After this process, we check for null values again. The only null values left are in the replyContent column, representing reviews without a reply from the app's team.

In [None]:
google_data.isnull().sum()

The same operations are performed for the paytm_data and phonepe_data as well.

In [None]:
null_mask = paytm_data['appVersion'].isnull()

for index,row in (paytm_data[null_mask].iterrows()):
  count = paytm_data[paytm_data['date']==row['date']]['appVersion'].value_counts()
  common = count.index[0]
  paytm_data.loc[index, 'appVersion'] = common

In [None]:
null_mask = phonepe_data['appVersion'].isnull()

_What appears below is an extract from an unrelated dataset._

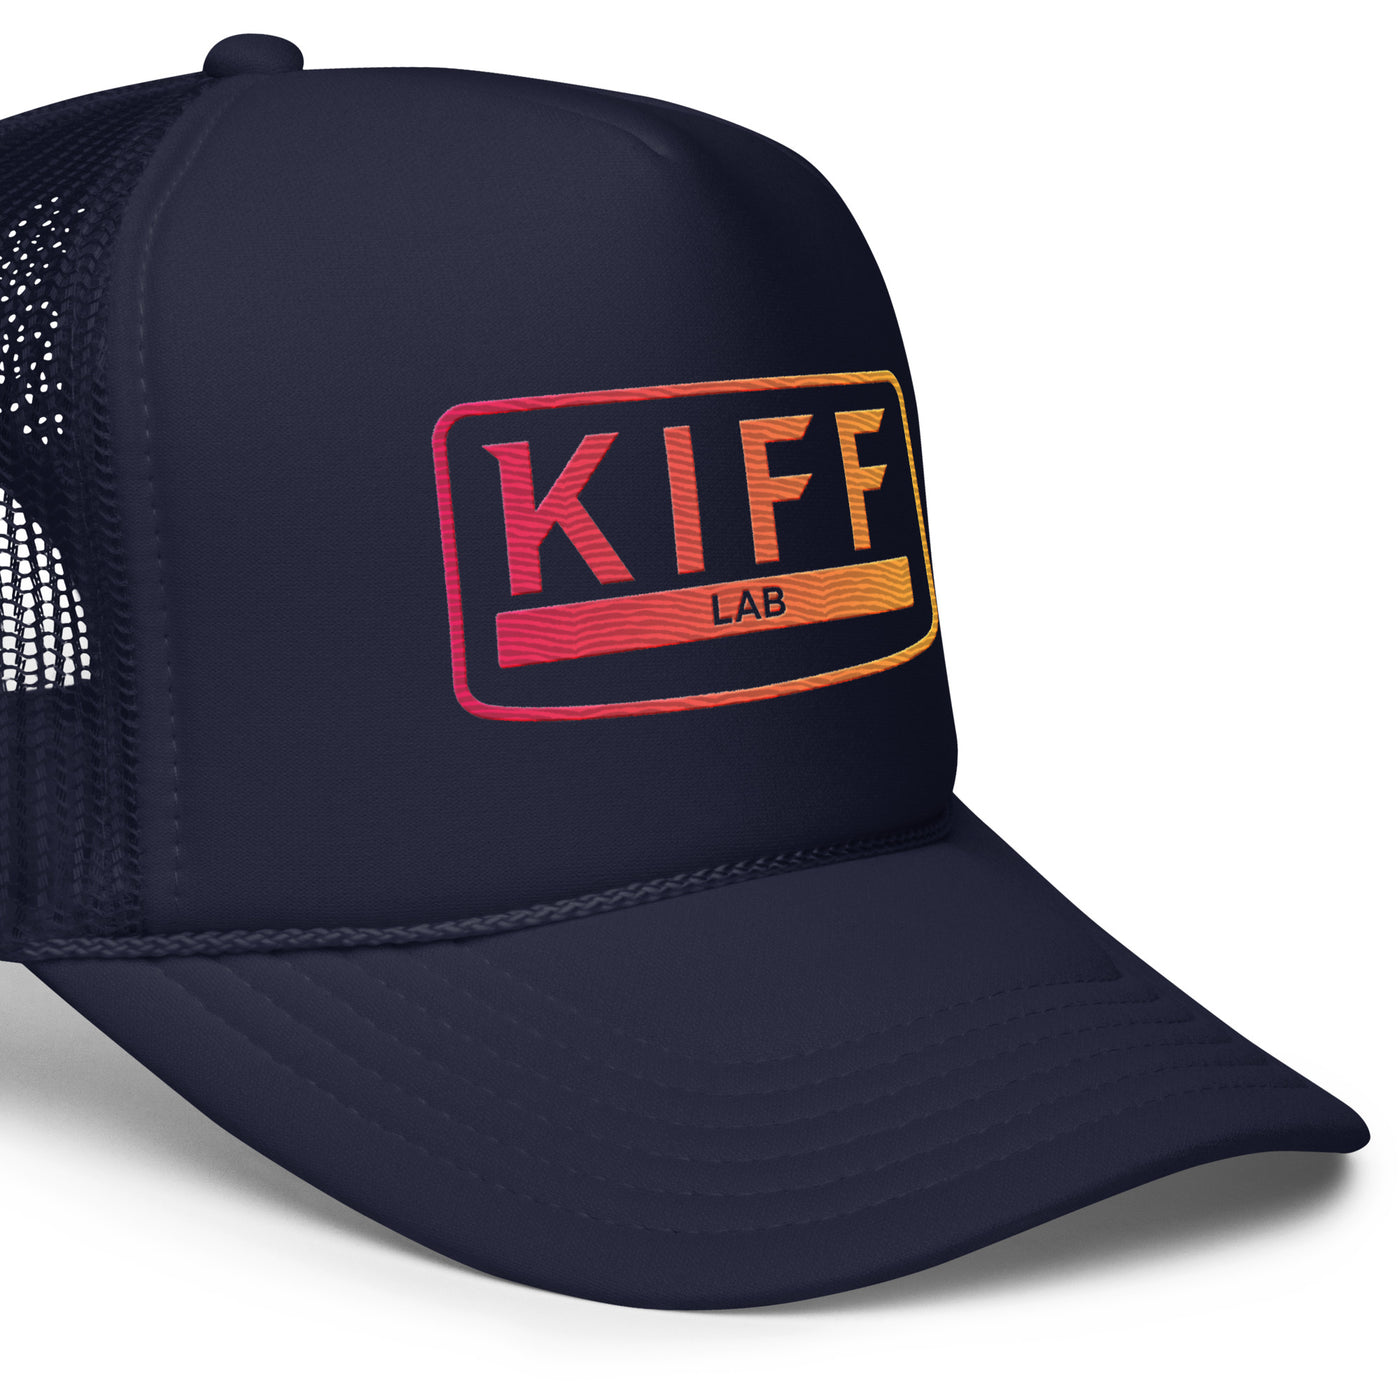 Kiff trucker hat

for index,row in (phonepe_data[null_mask].iterrows()):
  count = phonepe_data[phonepe_data['date']==row['date']]['appVersion'].value_counts()
  common = count.index[0]
  phonepe_data.loc[index, 'appVersion'] = common

## **Creating a table from Most Helpful Reviews for Word Analysis**

First, we will use .value_counts() to find frequency of reviews with a particular number of thumbsUpCount. We plot this on scatterplot using matplotlib

In [None]:
likes_count = google_data['thumbsUpCount'].value_counts().sort_index()
plt.figure(figsize=(10,4))

plt.title("Number of Likes vs Frequency")
plt.xlabel("Number of Likes")
plt.ylabel("Frequency")

plt.scatter(likes_count.index, likes_count.values)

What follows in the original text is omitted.